History is teaching us that we probably won’t be able to make many changes after launch. The problem only gets worse as the Safe Network becomes really popular. Or will it - perhaps there is a non-centralised development governance method(s) that can be established from the start that help mitigate this well established trend?
From the Signal messenger blog post:
We got to the first production version of IP, and have been trying for the past 20 years to switch to a second production version of IP with limited success. We got to HTTP version 1.1 in 1997, and have been stuck there until now. Likewise, SMTP, IRC, DNS, XMPP, are all similarly frozen in time circa the late 1990s. To answer his question, that’s how far the internet got. It got to the late 90s.

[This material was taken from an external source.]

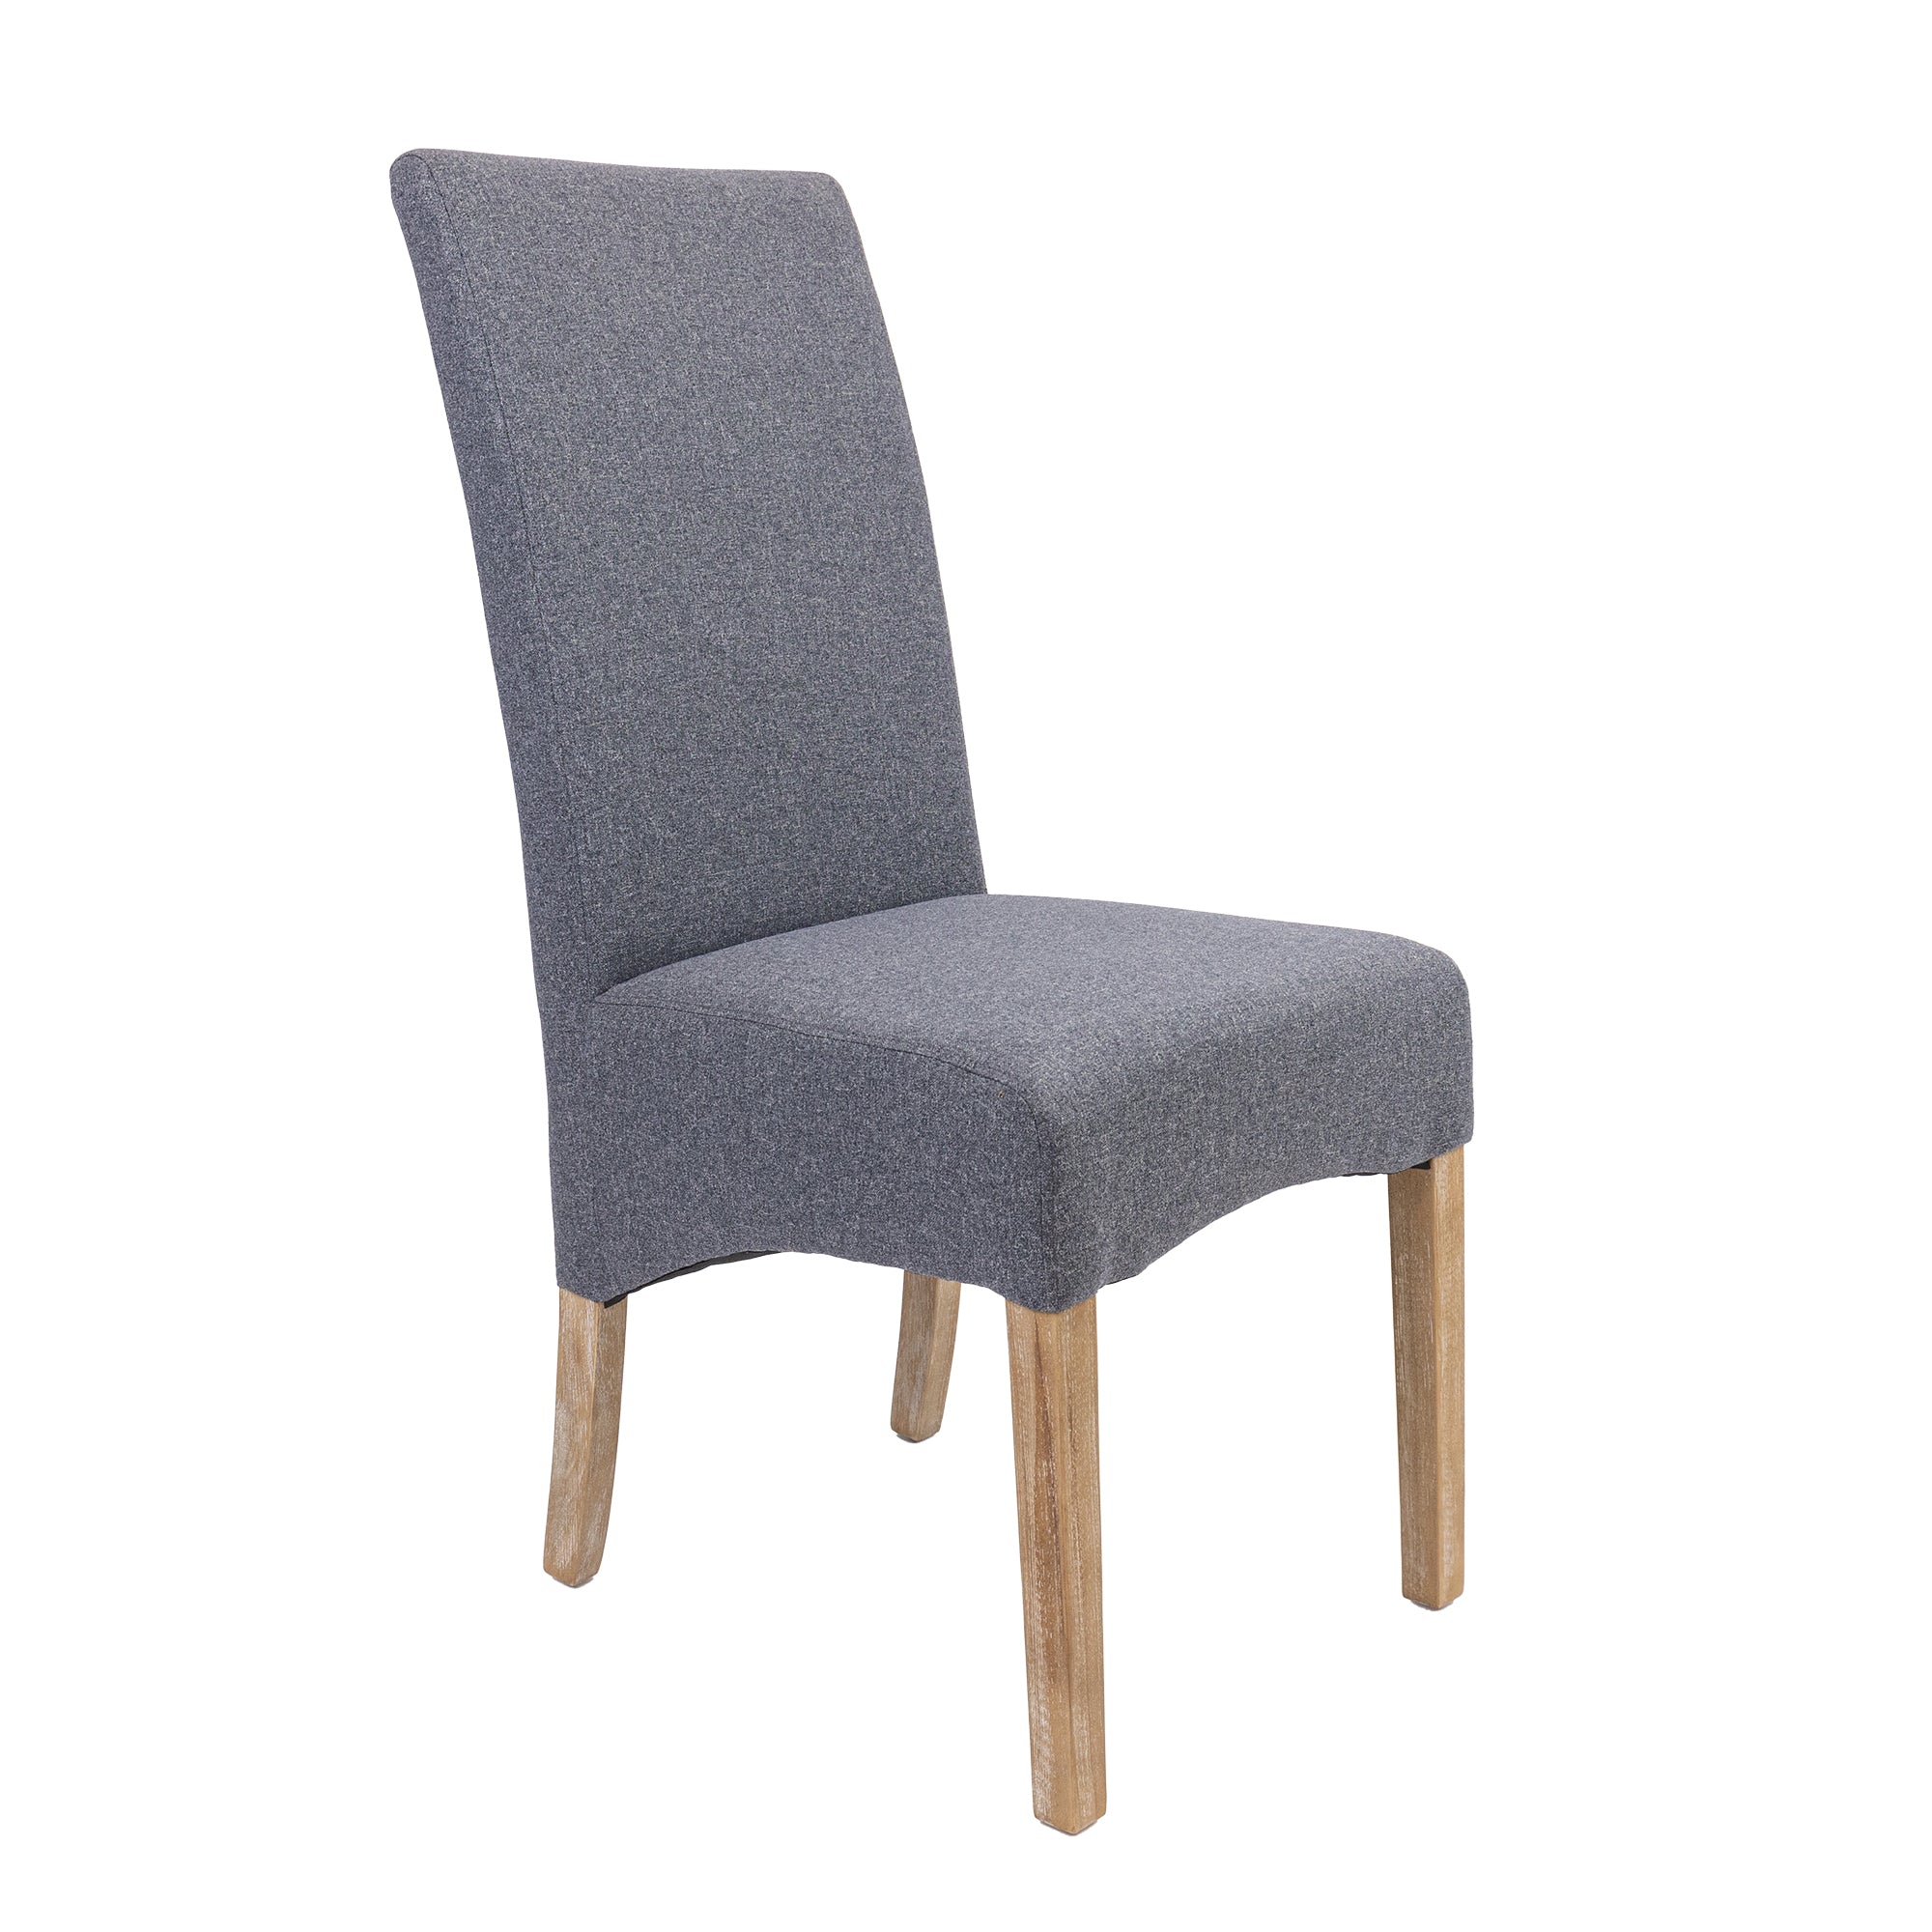 Contemporary Grey Upholstered Dining Chairs, Set of 4 - Pine Frame

That has taken us pretty far, but it’s undeniable that once you federate your protocol, it becomes very difficult to make changes. And right now, at the application level, things that stand still don’t fare very well in a world where the ecosystem is moving.

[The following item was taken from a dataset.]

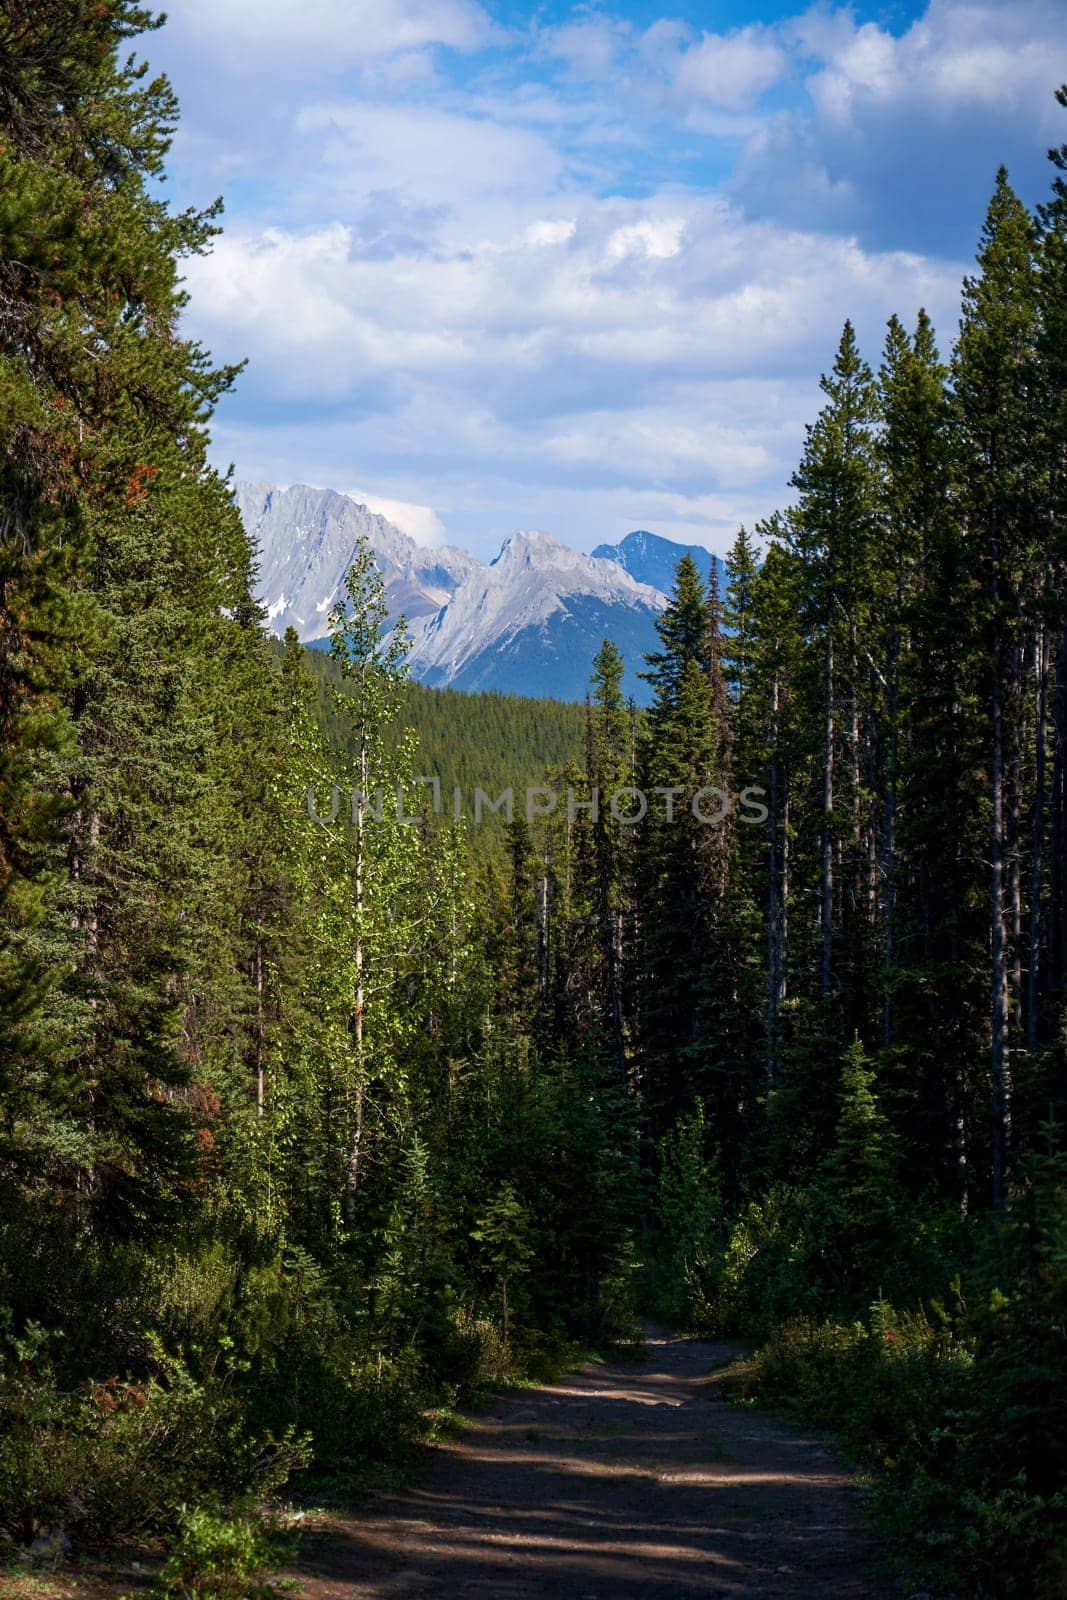 The rocky mountains of Alberta are surrounded by coniferous forests on a sunny summer day

Positive Incentives was the missing layer to the cake in the 90s IMHO. There are some PoW projects that I could suggest that continue to experiment with governance. I’m still hardcore PoW because of the Positive Incentives it gives to it’s members to maintain the protocol and even upgrade it. No need for those monkeys in suites to be involved. You know the ones that pretend to actually do something but really just throw poop for an hour then collect a paycheck from taxation.
I would argue that the internet standards today are work of many and when many are involved nothing changes, where in the safe network the only one who decides for changes is maidsafe and when one party decides it can make the changes that are needed!
PoW is not immune most development has been shifted to layer 2 but the underlying protocol has already been frozen in time. The infamous row over block size and it’s ultimate rejection (causing a major split in the Bitcoin community) is exactly the sort of dynamic moxie0 is referring to.
That is true right now before launch. After launch it becomes a permissionless network which will increase the number of stakeholders as it becomes more adopted, new browsers produced by third parties etc. The higher value the network the higher the stakes will be and thus the harder to ship changes to the core protocol.
Ethereum’s shift to PoS could be interesting to watch as a counter-example - if that community manages to pull it off that is. Other blockchain projects that are already very small communities and/or not very distributed in comparison to Bitcoin/Ethereum still have the freedom to make core protocol changes without much resistance.
That’s exactly what I thought about when reading what moxie0 wrote. I can suggest this thought process. Even though it seems to be a horrible thing. that is the major split in that community. I think it is more of a positive than a negative. Not suggesting that every project have the same dramatic experience in hopes of achieving the platinum level medal. I think the true test of whether a project will survive is if the ego can be put down on both sides. Figure out how the findings, discoveries, and strengths on both sides can be used to make that unicorn.
At the moment, there’s nothing but Maidsafe. They provide (almost) all of the development work on the core code and they make all the decisions about the network (with the notable exception of feedback received on RFCs). For this situation to change, other groups are going to have to spring up and start contributing.
It makes sense, as time goes on, for other groups to start fighting for their own interests within the SAFE network and I imagine that after it goes live and people actually have a stake, those with the greatest stakes will start trying to pull and push the network towards the features and benefits they want.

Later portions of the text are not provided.